__Requirement__. From the first line to the last, return the data exactly, with no pictures.

__Dataset section__.
────

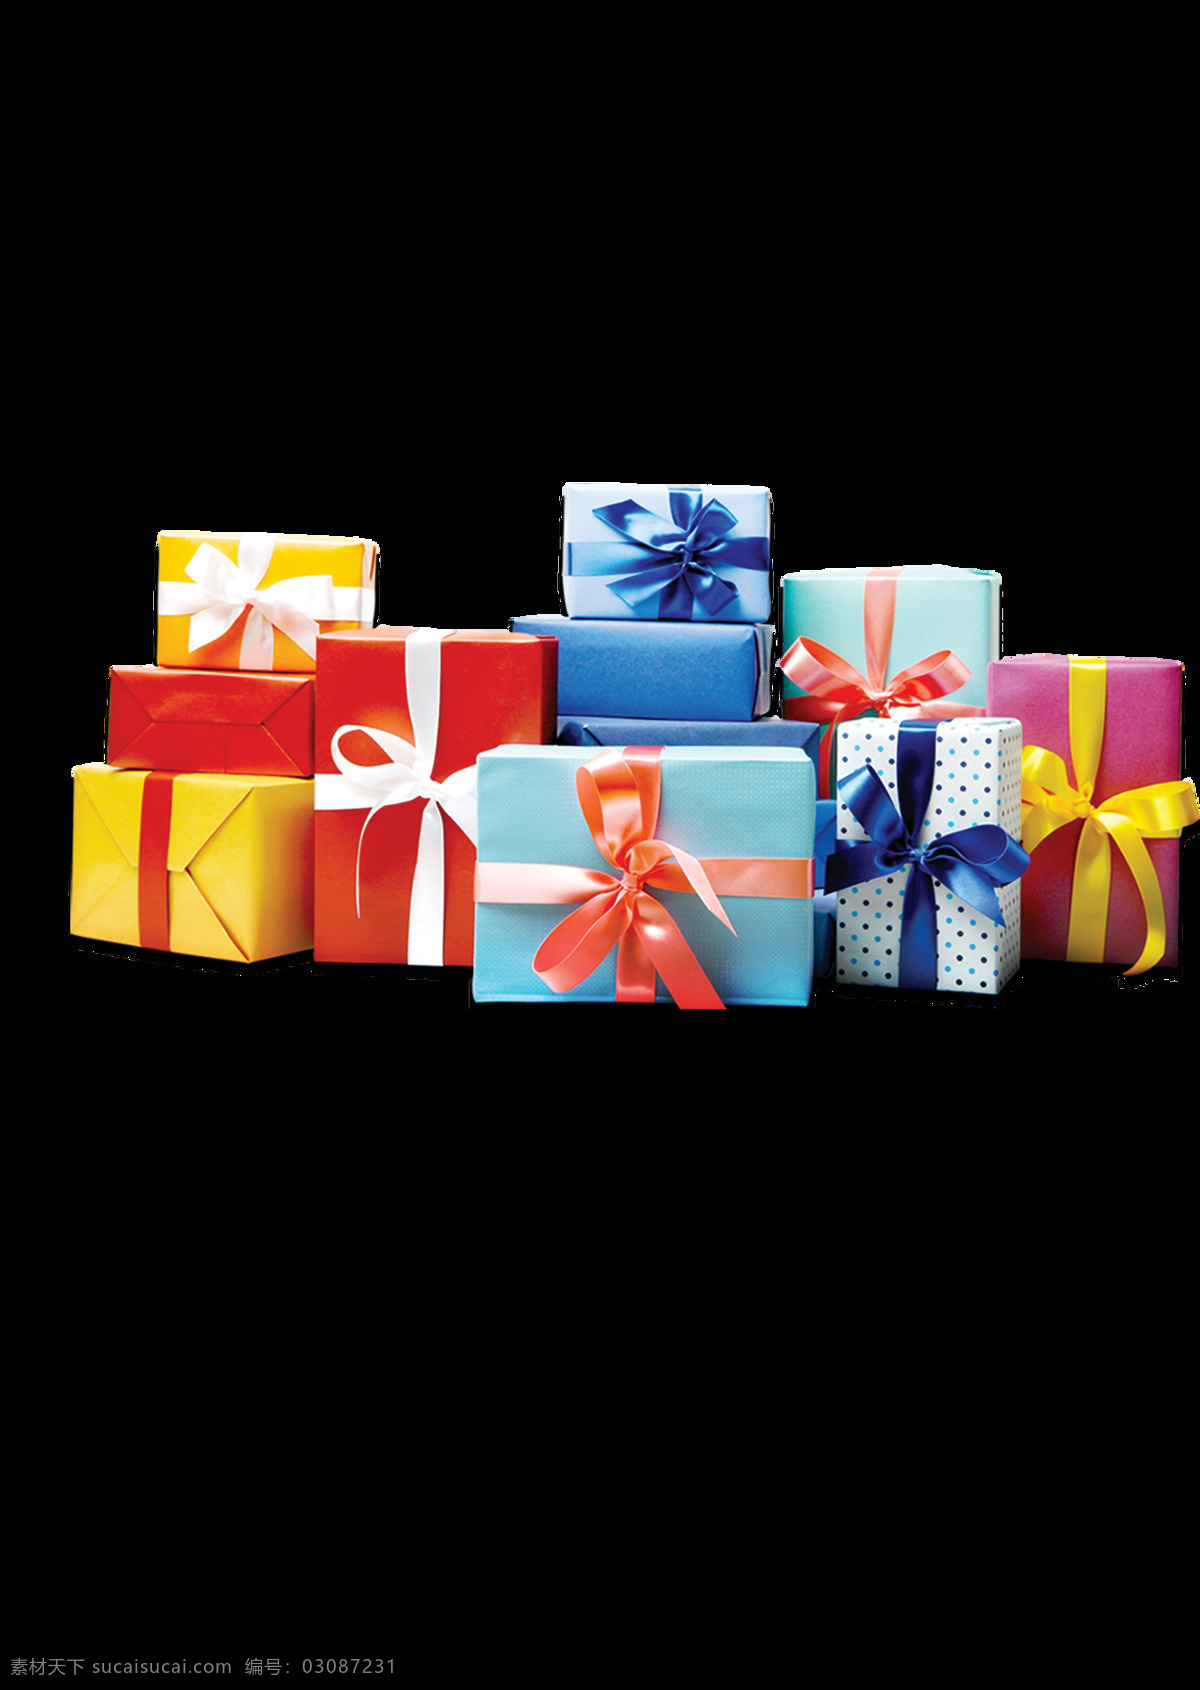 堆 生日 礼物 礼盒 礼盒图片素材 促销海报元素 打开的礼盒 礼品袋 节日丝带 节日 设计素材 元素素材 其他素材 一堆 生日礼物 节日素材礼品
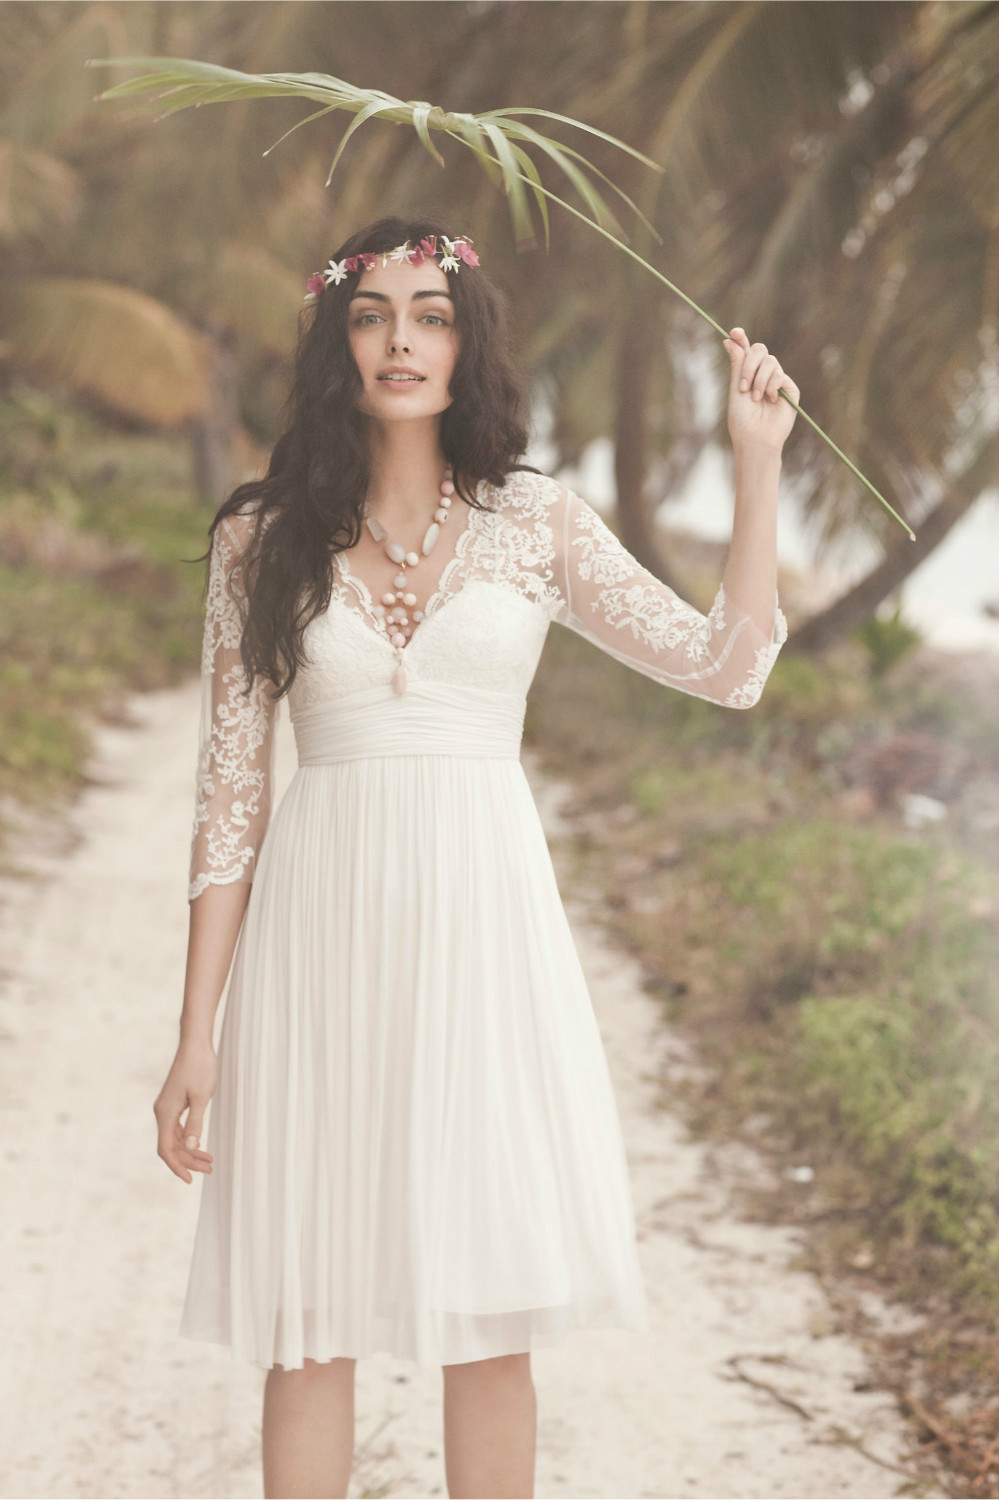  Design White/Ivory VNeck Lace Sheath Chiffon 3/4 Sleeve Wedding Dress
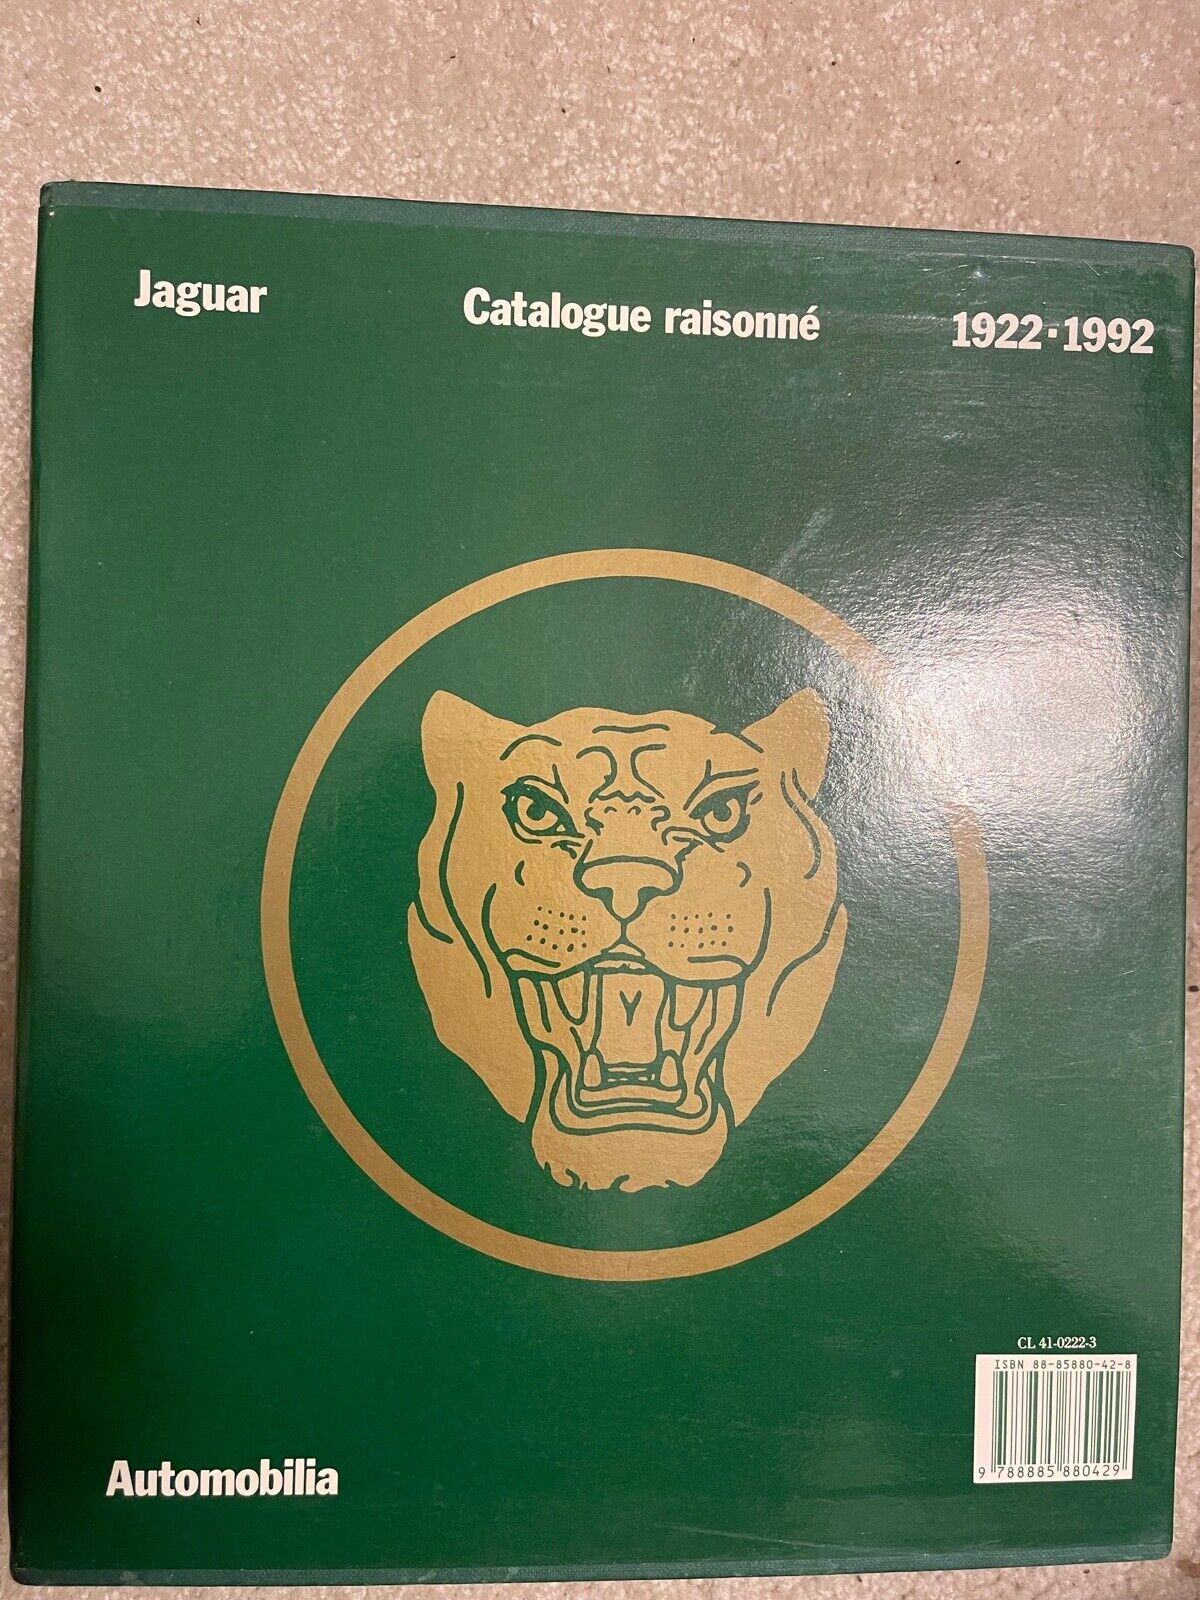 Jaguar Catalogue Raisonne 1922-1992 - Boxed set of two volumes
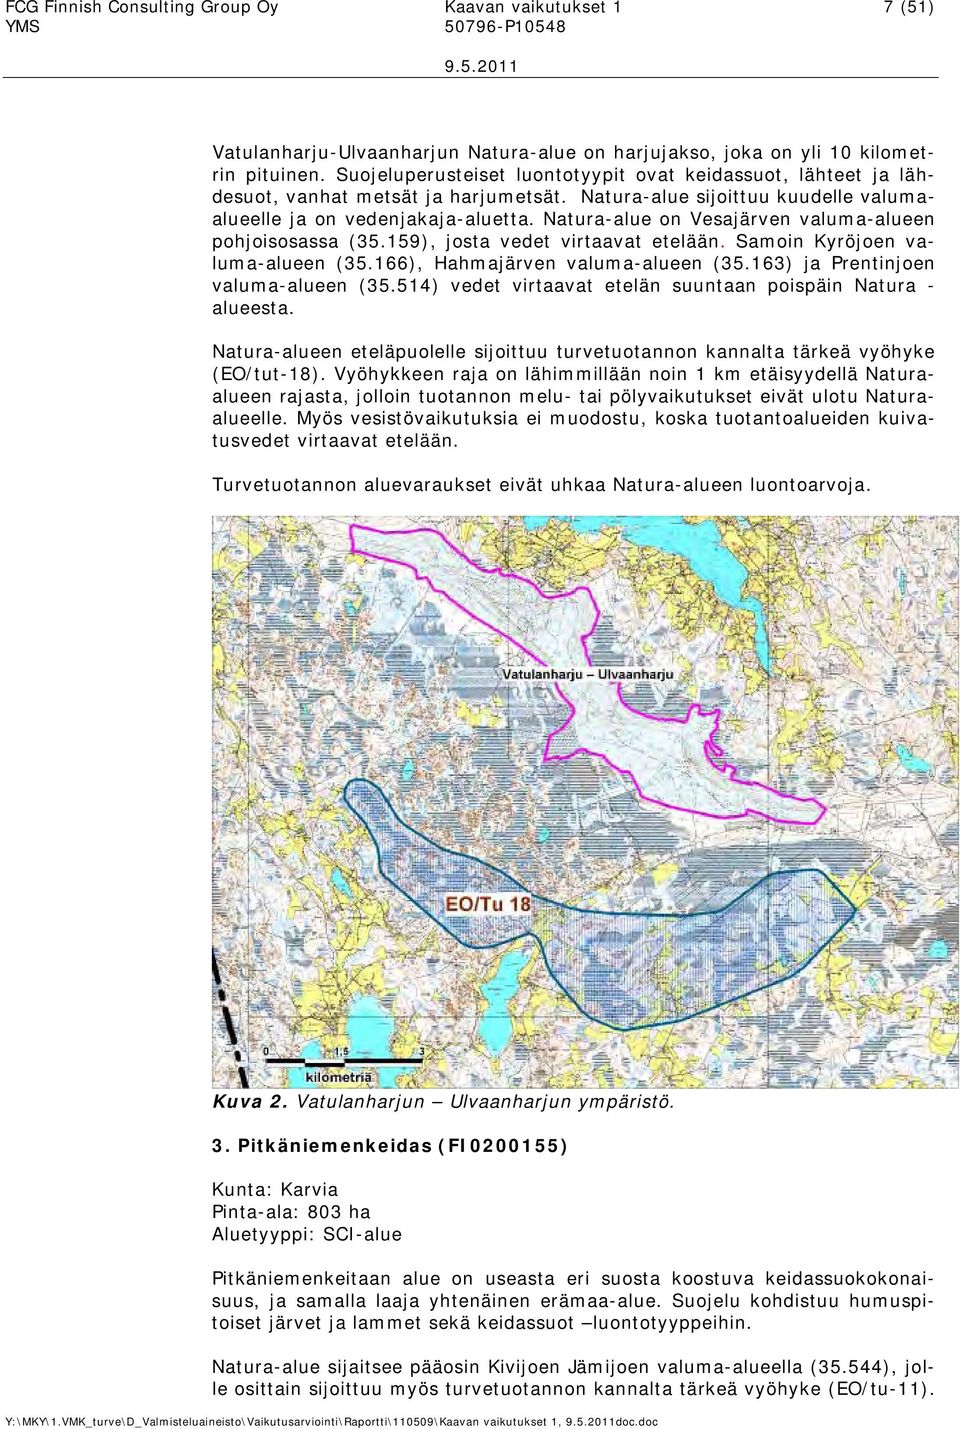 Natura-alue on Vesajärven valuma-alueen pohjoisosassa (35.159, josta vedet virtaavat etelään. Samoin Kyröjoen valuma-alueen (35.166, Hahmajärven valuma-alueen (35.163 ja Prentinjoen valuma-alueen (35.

────

__Solution to this task__.
 堆 生日 礼物 礼盒 礼盒图片素材 促销海报元素 打开的礼盒 礼品袋 节日丝带 节日 设计素材 元素素材 其他素材 一堆 生日礼物 节日素材礼品
  Design White/Ivory VNeck Lace Sheath Chiffon 3/4 Sleeve Wedding Dress
 Jaguar Catalogue Raisonne 1922-1992 - Boxed set of two volumes
 Natura-alue on Vesajärven valuma-alueen pohjoisosassa (35.159, josta vedet virtaavat etelään. Samoin Kyröjoen valuma-alueen (35.166, Hahmajärven valuma-alueen (35.163 ja Prentinjoen valuma-alueen (35.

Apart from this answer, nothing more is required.